It is alarming and deeply troubling to see the Director of Elections at the IEC thrusting himself into a process he constitutionally has no business managing. The invitation he issued for a press briefing on an “IEC Commissioners’ Electoral Process” is not just an ordinary move, it is an attempt to muddy constitutional lines, usurp authority, and taint what should be a dignified, transparent appointment process….Delay the process and create a constitutional crisis!
Lesotho’s Constitution makes one thing abundantly clear: the IEC commissioners are not recruited by the Director of Elections or the IEC bureaucracy. They are appointed by the King acting on advice of the Council of State, chosen from not fewer than five nominations submitted by POLITICAL PARTIES. The law is clear, the Director’s office has no role in the shortlisting, the advising, or the final appointment.
By issuing an invitation to “an IEC Commissioners’ Electoral Process,” the Director is attempting foolishly to rewrite the institutional script, positioning himself and his office as an arbiter of a selection process he does not constitutionally control. It is an overreach disguised in bureaucratic language.
Tomorrow, (20 October 2025), political party leaders are themselves finalising the required list of five names from which the Council of State and the King will choose three. The IEC Director, by staging a media briefing on 21 October, signals that he intends to influence or comment on the nomination-to-appointment phase while it is still underway. That timing is not innocent, it is malicious. It creates an impression that the Director is not neutral but is lobbying, micromanaging, or shaping outcomes. That undermines the confidence that the public, political parties, and even donors must have in the independence and fairness of the IEC.

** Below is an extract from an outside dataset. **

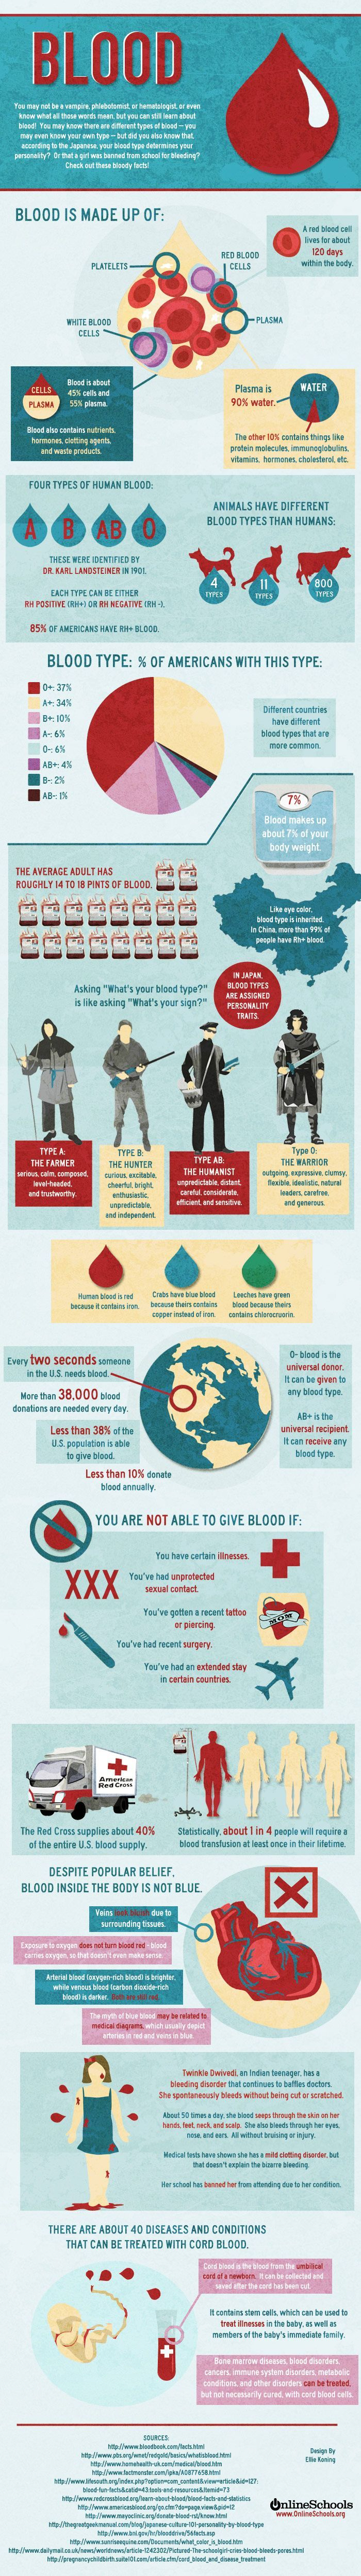 87 best Blood images on Pinterest   Blood, Nurses and Autoimmune disease

Even in better-intentioned hands, the IEC’s executive arm, the staff, Director, and secretariat, should not assume a voice in appointing commissioners. Their job is administration, implementation, and oversight after the constitutional actors do their work. The moment they position themselves as a participant in the constitutional act of appointment, they walk into a conflict of interest. The IEC may be empowered to employ its staff after consultation with the Public Service Commission and to manage operations. But that empowerment does not extend into the domain of political-constitutional appointments of its own leadership.
This is not an isolated misstep. The IEC under his supervision has repeatedly come under fire for administrative lapses. In 2022, the IEC admitted it made substantial errors in allocating parliamentary seats after the general election and had to ask the courts to correct them. That kind of error shows a shaky internal control environment and threatens legitimacy. Moreover, electoral analysts have criticized IEC readiness, resource constraints, late decisions, and weak communications during past polls. To now add constitutional overreach to a record of operational missteps is both reckless and irresponsible.
The Director’s behavior has eroded public trust. Once the public perceives him as part of the political game, he ceases to be a neutral guardian of elections and becomes a suspect player. His invitation undermines the constitutional separation of roles and angers political parties who must submit nominees in good faith, now fearing undue interference in what is supposed to be their prerogative. A head of electoral administration who pretends to influence appointments fractures internal morale, invites legal challenges, and precipitates instability in leadership transitions.
If allowed to stand, this act opens the door for future Directors or commissioners to intrude on appointment processes, turning the IEC into another political actor rather than a neutral arbiter.
The Director of Elections may cloak his actions in official stationery and polite language, but make no mistake, this is an authoritarian pivot masquerading as institutional initiative. The IEC’s credibility, integrity, and independence are at stake. He should be swiftly removed or disciplined, and an independent review established to reaffirm that no IEC official, however ambitious, must ever again attempt to steal the constitutional prerogative of commissioner appointment.